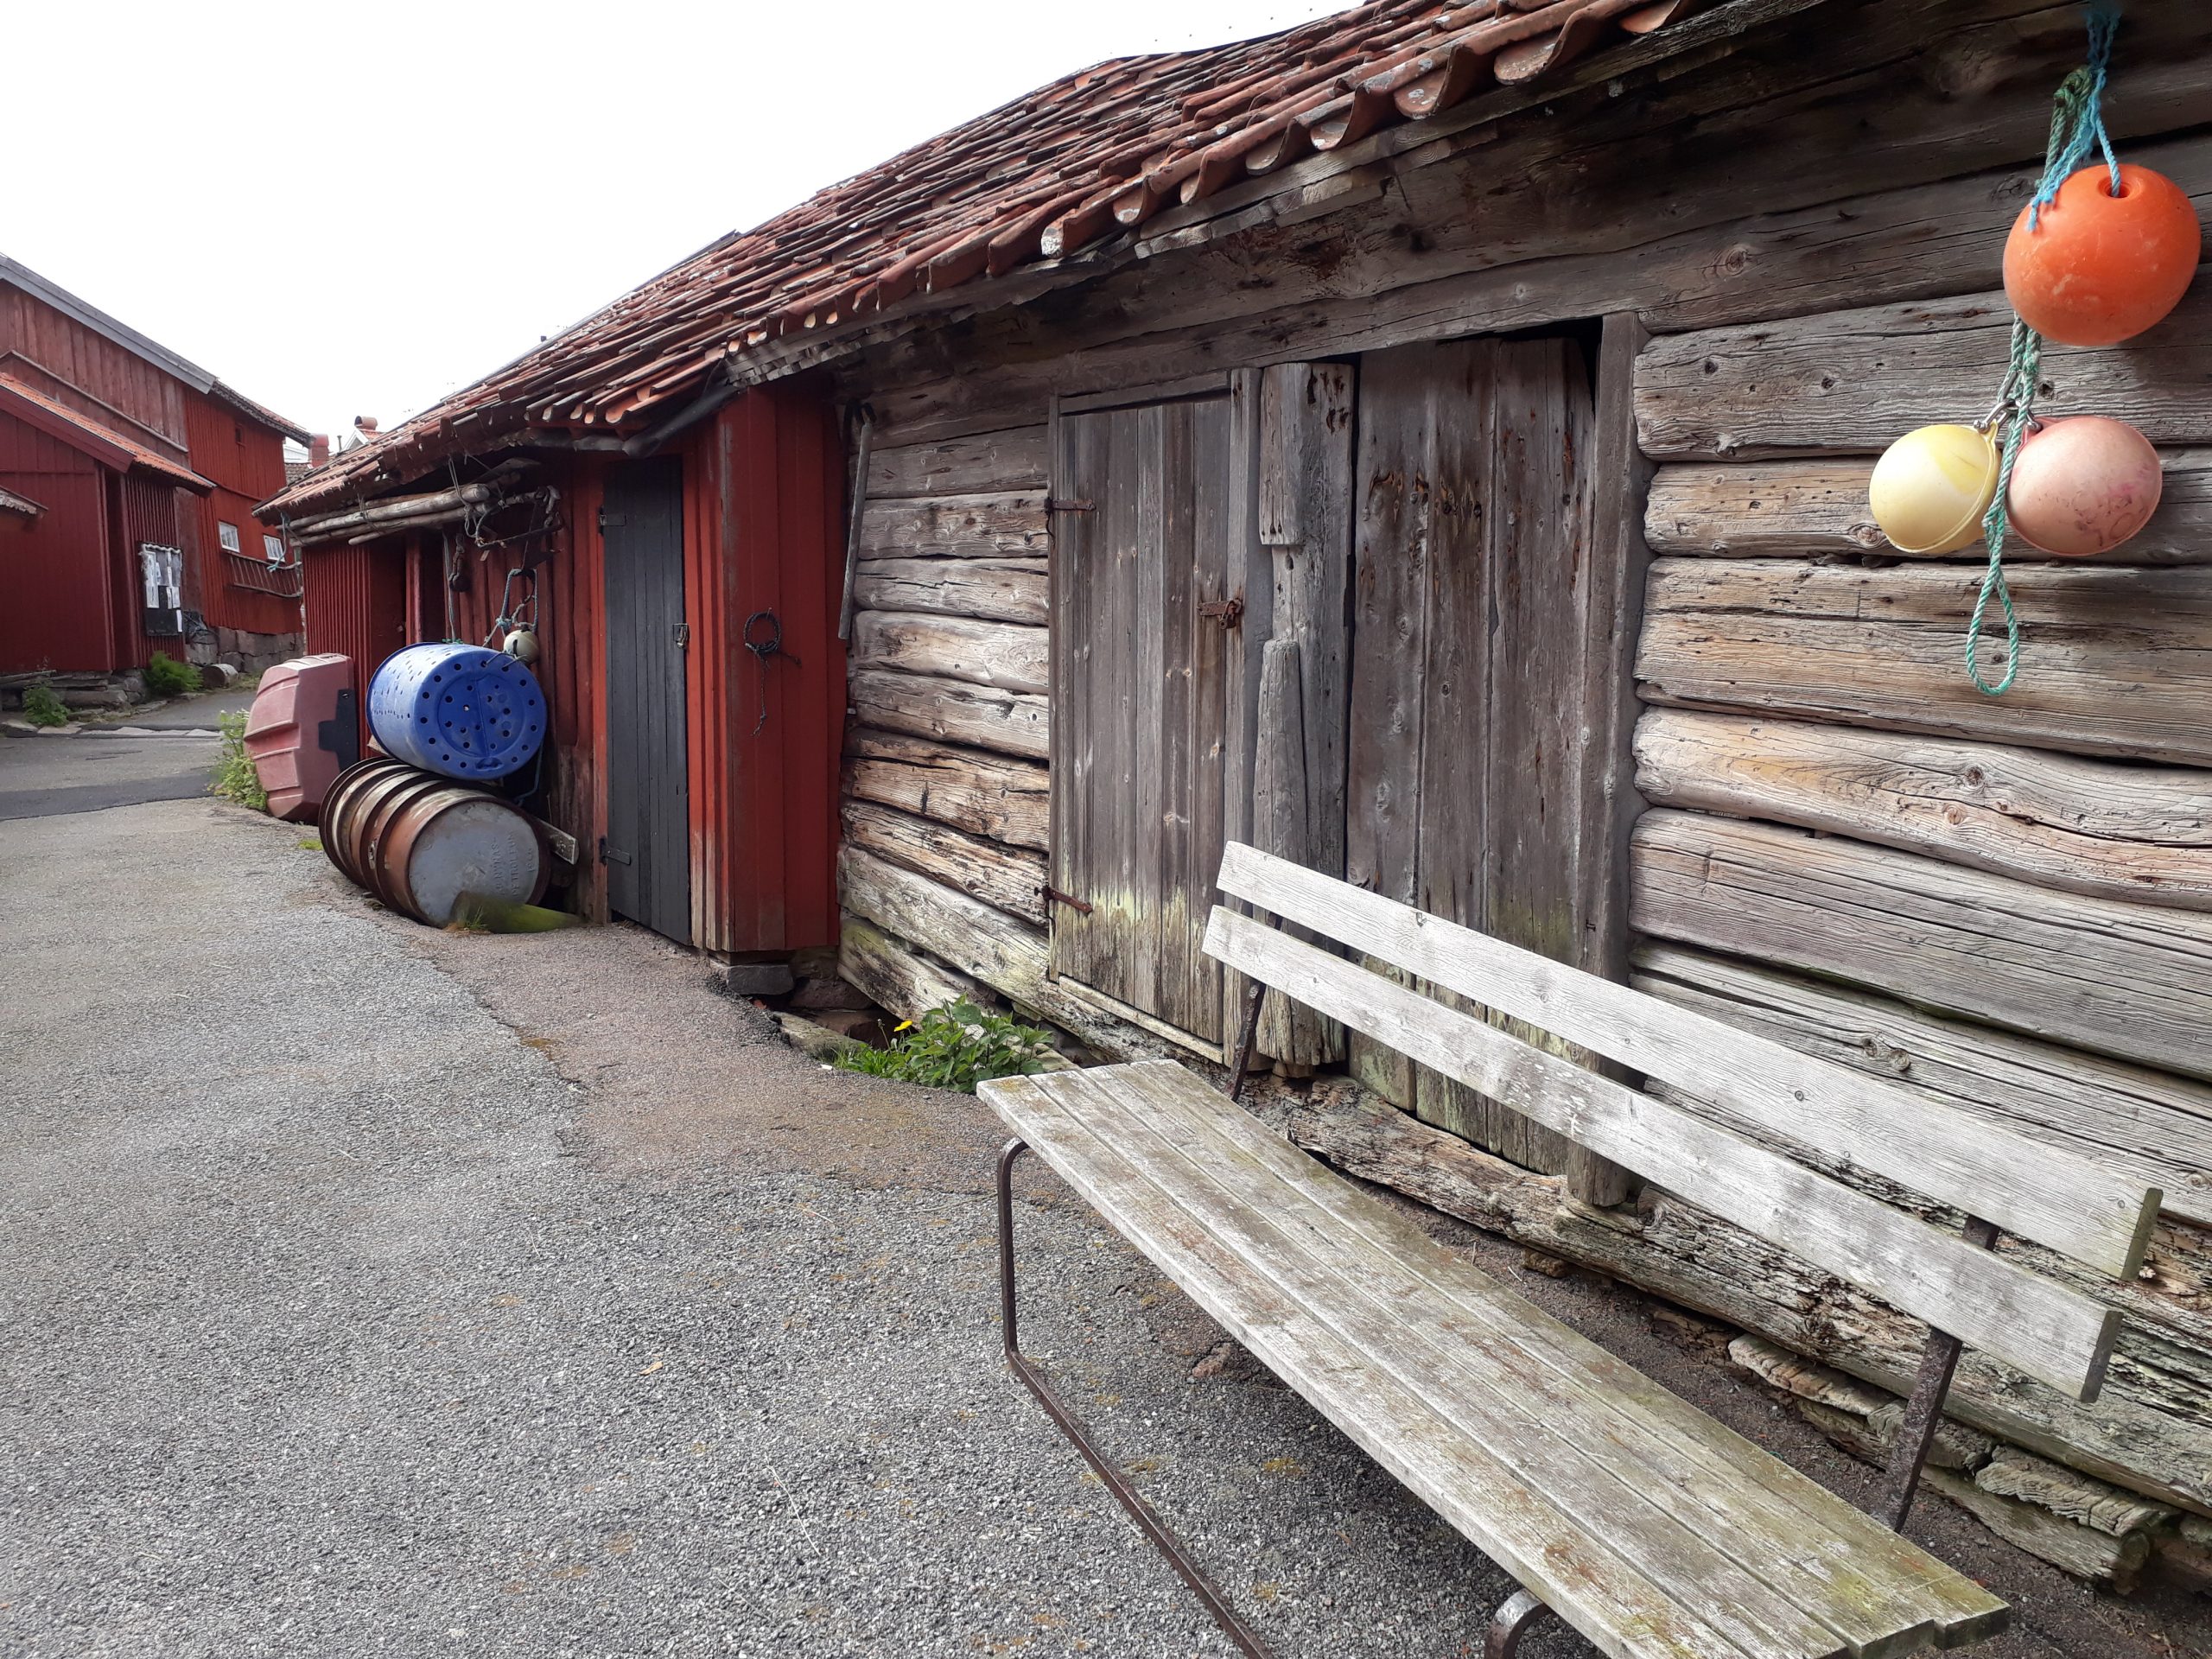 En grå sliten träbänk står framför en gammal omålad sjöbod. bakom den står en rödmålad sjöbod. Bodarna står invid en gångväg som leder bortåt.
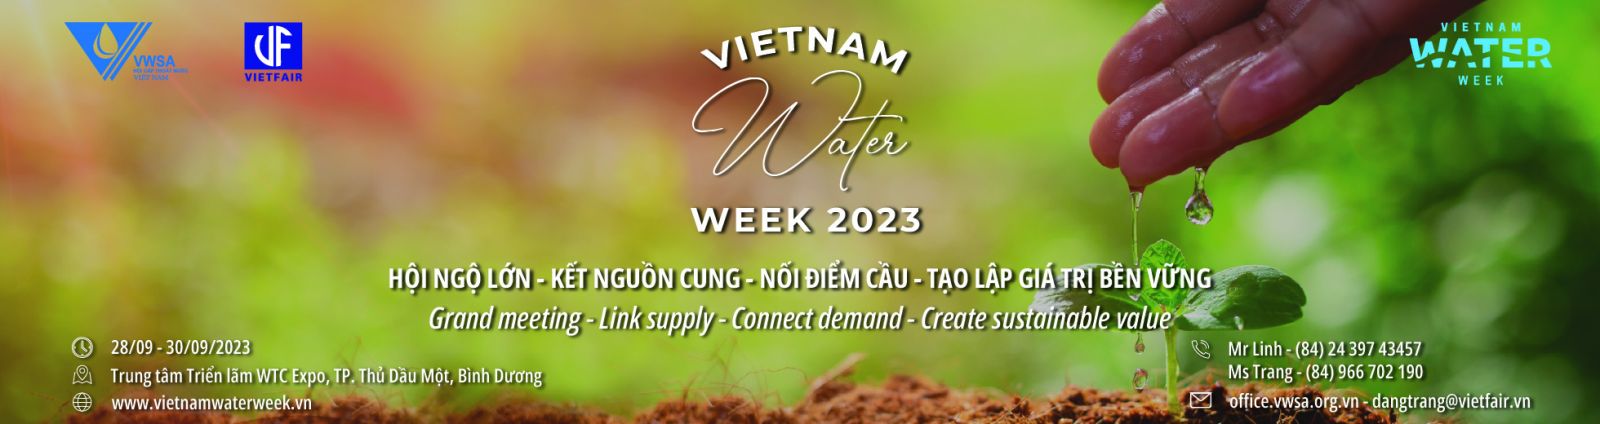 Vietnam Water Week
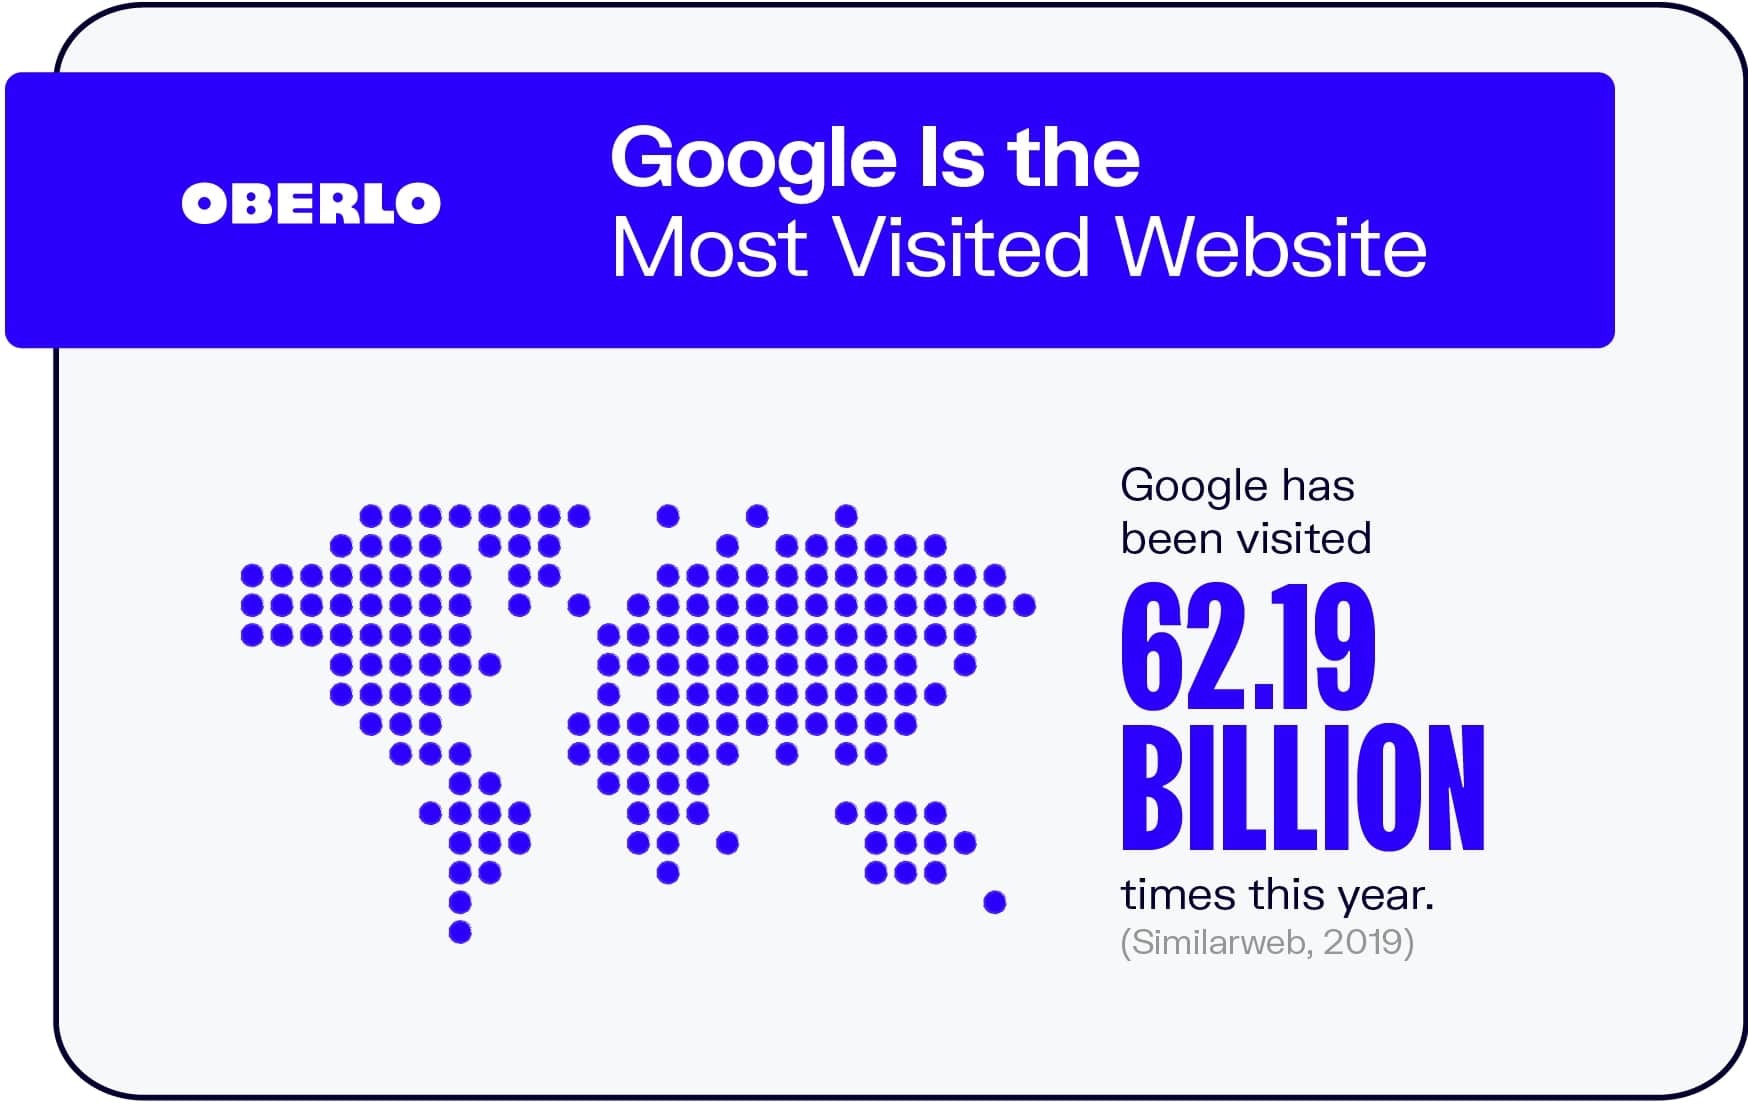 谷歌是访问量最大的网站
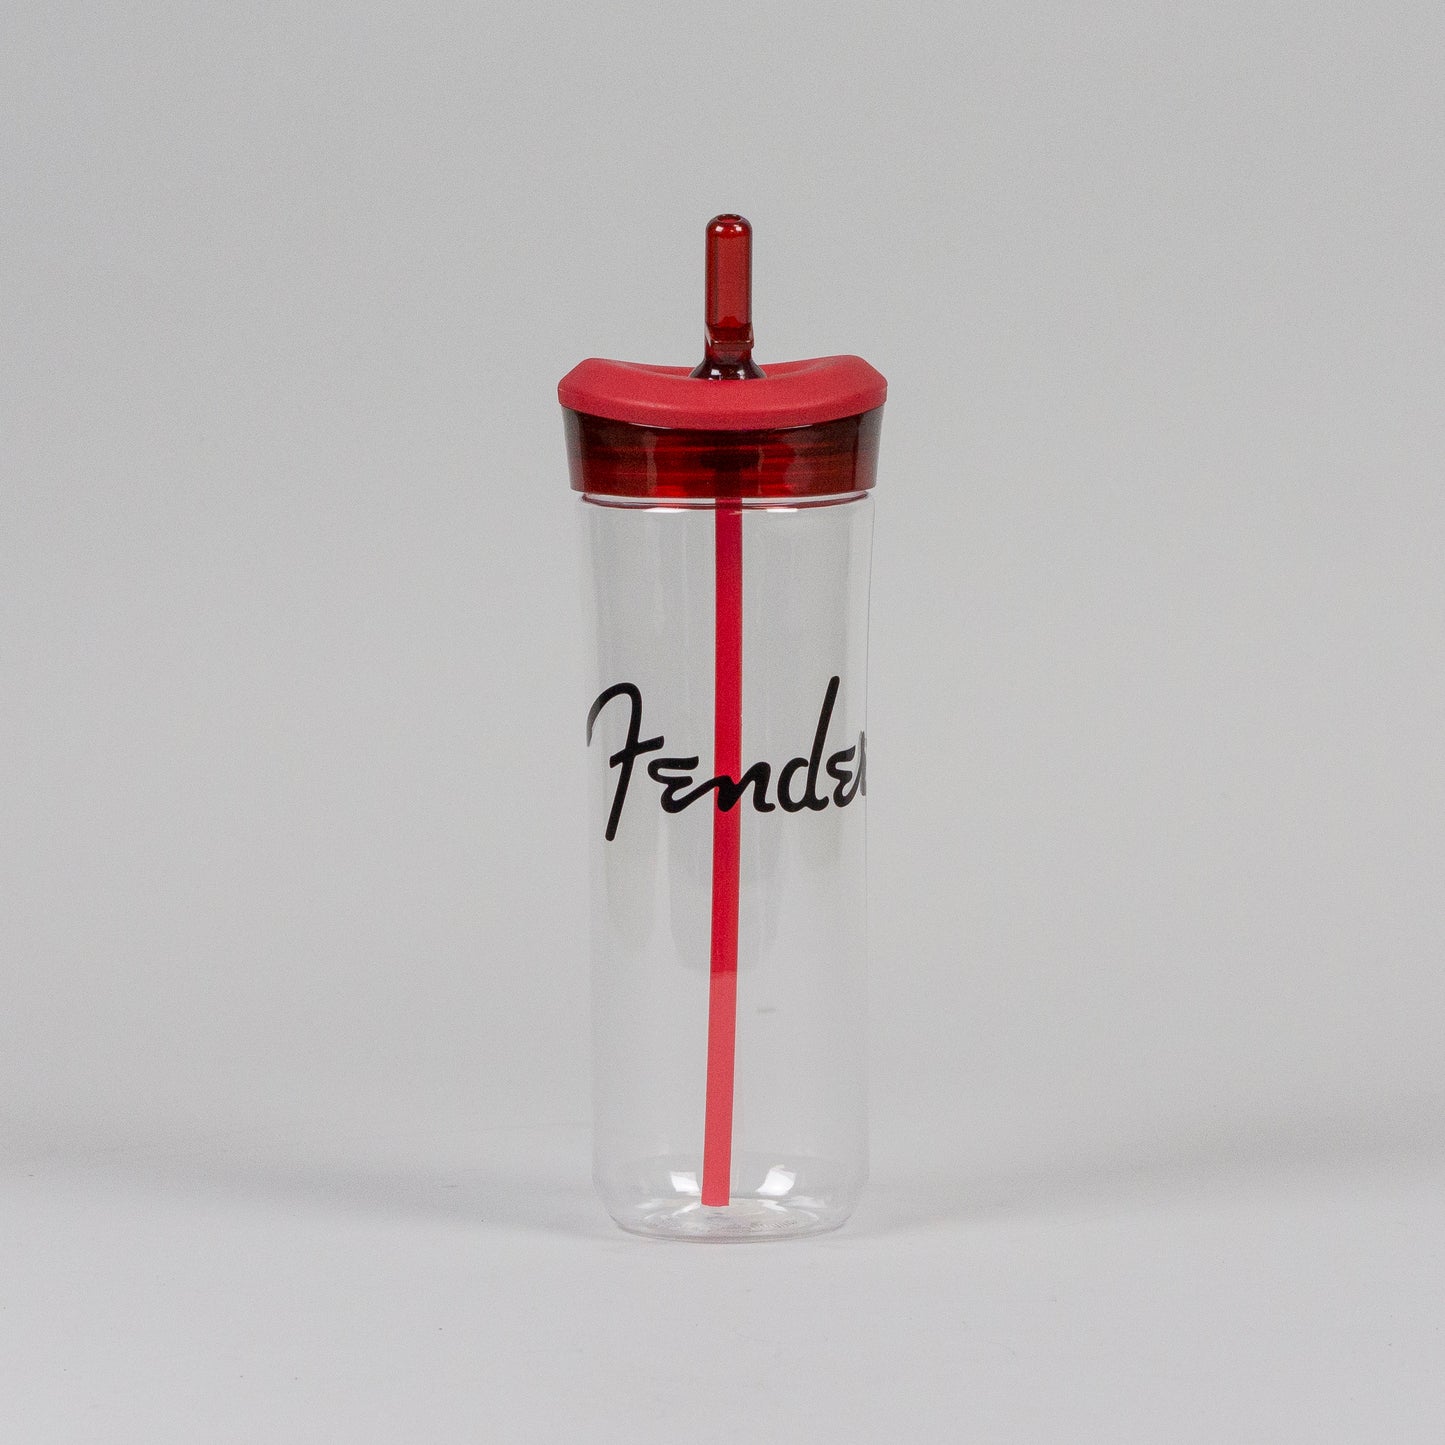 Fender Flip Spout Water Bottle in Red

-- Task brief --
Reproduce the whole listing above word for word, dropping each image.

-- Exercise solution --
 En grå sliten träbänk står framför en gammal omålad sjöbod. bakom den står en rödmålad sjöbod. Bodarna står invid en gångväg som leder bortåt.
 Vietnam Water Week
 谷歌是访问量最大的网站
 Fender Flip Spout Water Bottle in Red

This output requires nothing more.